Living With Anxiety Is Like Maneuvering A Different Reality
When the anxiety turns to panic, when there are more bad days than good days, when my mental health becomes unmanageable, the very fabric of my world changes.
By Haley West
Most days are warm and flaxen. Even when it’s rainy, even when it’s nighttime, there’s still a brightness. The atmosphere is golden-hued, like the world and everything in it is backlit by the sun. There is a constant thrum of expectancy. Something good is going to happen, even if I don’t know what it is. I’m always looking forward to the next exciting thing—a dinner, a vacation, a new book, a cup of coffee. Even when things aren’t so good, even when there are little annoyances, even when my day is shot to hell, there’s still the sense that everything is okay. There’s always tomorrow, and even if something is worrying me about tomorrow or next week or next month, I can still objectively take a step back and look at my life and declare that it is good.
I’m so accustomed to seeing the world this way that it’s not even something I notice on a regular day. I think most of us are like this, you know? When life is generally good and things are relatively easy, it just flows. We’re along for the ride, and we’re so focused on the map and our destination that we don’t acknowledge the vehicle driving us there. We don’t hear the hum of the road under us or feel the wind from the cracked window. Kind of like our breath—we only notice it when we take the time and energy to focus on it or when it’s taken away from us.
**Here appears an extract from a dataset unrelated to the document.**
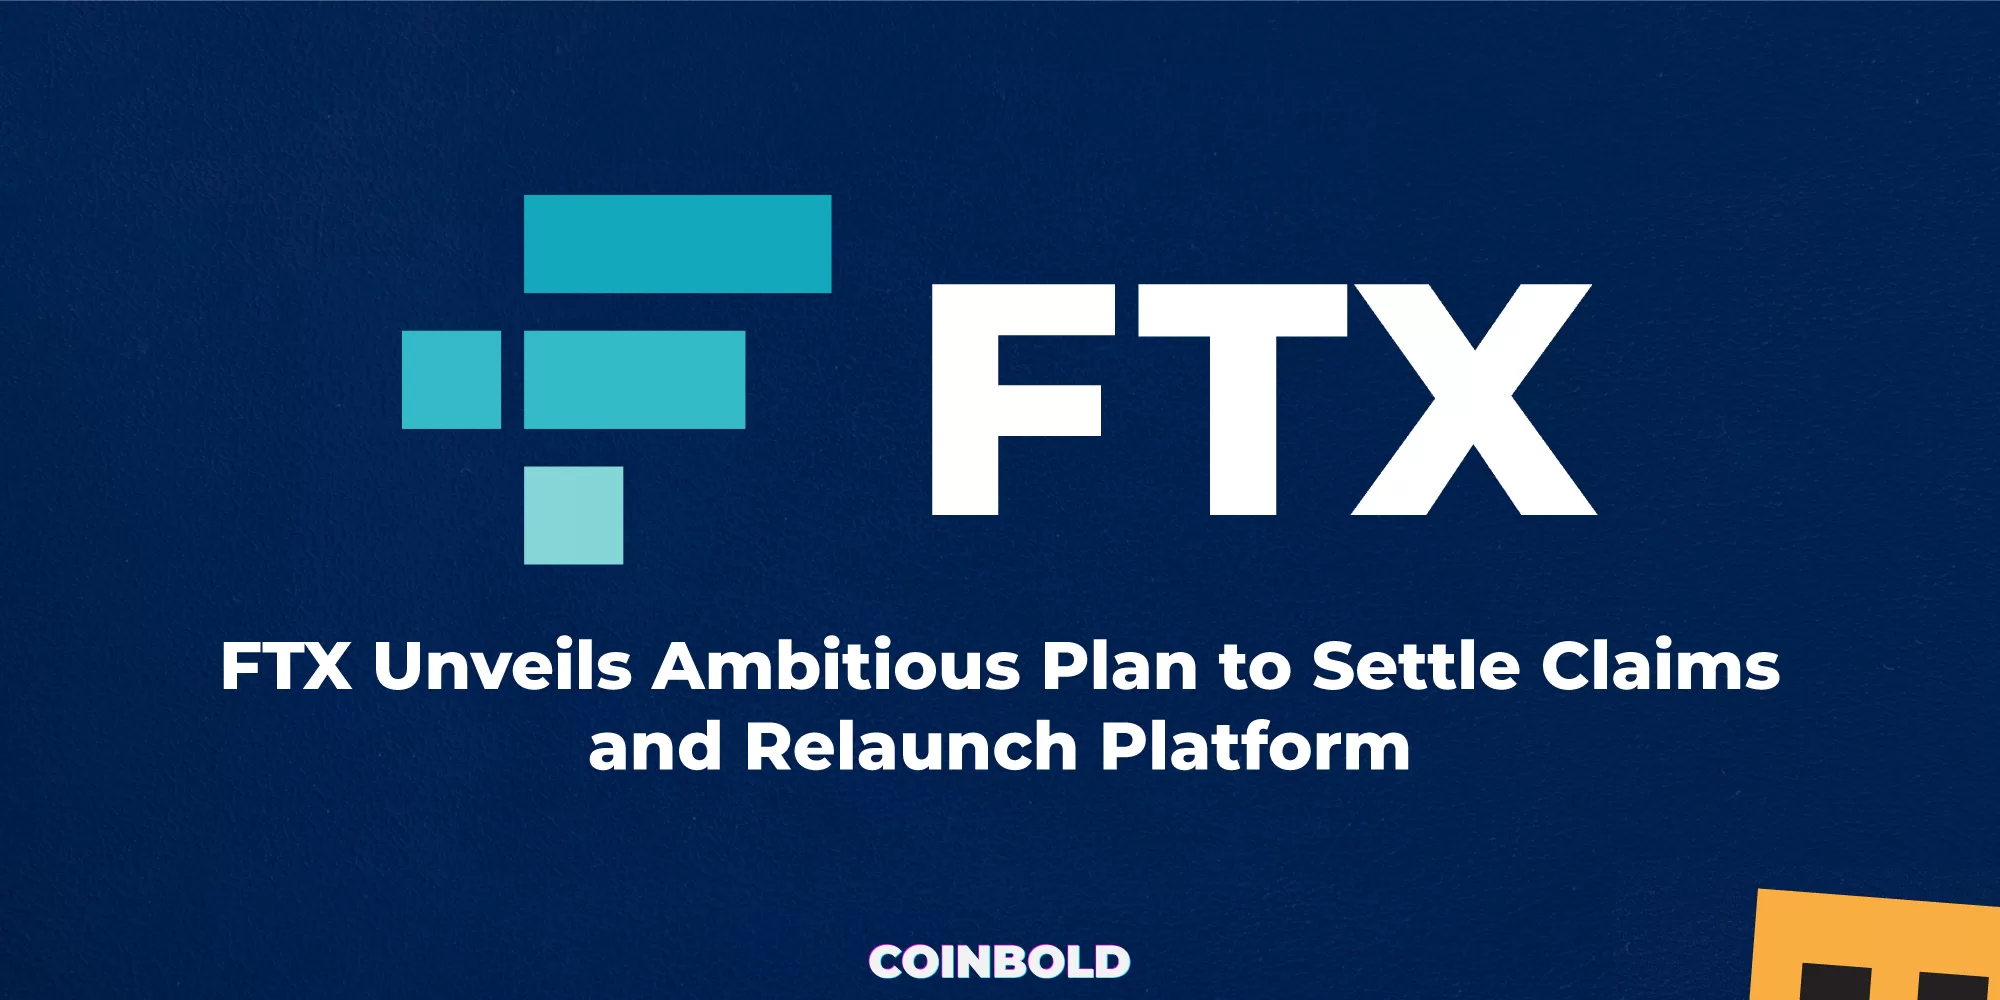 FTX Unveils Ambitious Plan to Settle Claims and Relaunch Platform

I feel the need to emphasize that even on my best day, there is always an undercurrent of anxiety. I think that people who don’t struggle with mental health issues are under the impression that when things are good, our symptoms are totally absent. As much as I wish that were true, it just isn’t. Anxiety is my constant companion. Most of the time, because of coping skills and medication, it’s completely manageable. I’m able to function and enjoy life, but it’s always there. Still, even with that annoying companion, most days have that subtle glow. Most days are good and light and warm.
Until they aren’t.
When the anxiety turns to panic, when there are more bad days than good days, when my mental health becomes unmanageable, the very fabric of my world changes. I don’t just mean metaphorically. The world around me literally looks different. Everything seems darker, even in the middle of the day. What used to look golden and glowing and warm has turned black and blue and cold. The atmosphere seems thick and poisoned. I move through the world differently. Slower. Heavier. I’m disoriented and disconnected. Everything is just… wrong. I’ve left Hawkins, and I’m in the Upside Down. (Have you seen Stranger Things? If you haven’t, quit reading this right now, turn on Netflix, and get your life right. I’ll wait.)
Okay, so in the show, the characters go to the Upside Down, a kind of parallel dimension where the monsters live. Everything is dark and tinged with blue. The air is full of poison and floating matter. It’s unnatural and unsafe. It’s just not right.
This is exactly how my world looks when I’m in a “season of anxiety,” as I’ve begun calling it. I feel like I’m trapped in the Upside Down. I’m screaming, but no one hears me. I’m having a hard time breathing because of the toxins in the air. Everyone I know and love is back in Hawkins, and I have no way of getting back there. I’m stuck. I need help, but there’s no one I can ask. Anxiety is so isolating. No two people struggle with the same kind of anxiety in the same way. I’m alone here. Will anyone find me?
All I want are those warm and flaxen days back. I’m so mad at myself for not appreciating them when they were here. Will they ever come again? Am I going to live in the Upside Down forever? Until it kills me?
But then.
Always, always, always.
A ray of sunlight pokes through. The dark blue world around me starts giving way to splotches of gold. Slowly at first, but then it spreads like paint on a canvas. The toxins slowly clear the air. My fingers and toes start to thaw, and for the first time since I can remember, I take a long, cleansing breath.
I call my time in The Upside Down a “season of anxiety” because it always passes. It’s always just a season. A shitty season, but a season nonetheless. Sometimes it lasts a week, sometimes it lasts for months, but it’s always temporary. Against all odds, I always make it out. I always get back to that place where I can take a step back, look at my life, and declare it is good. Maybe this time I’ll pay more attention.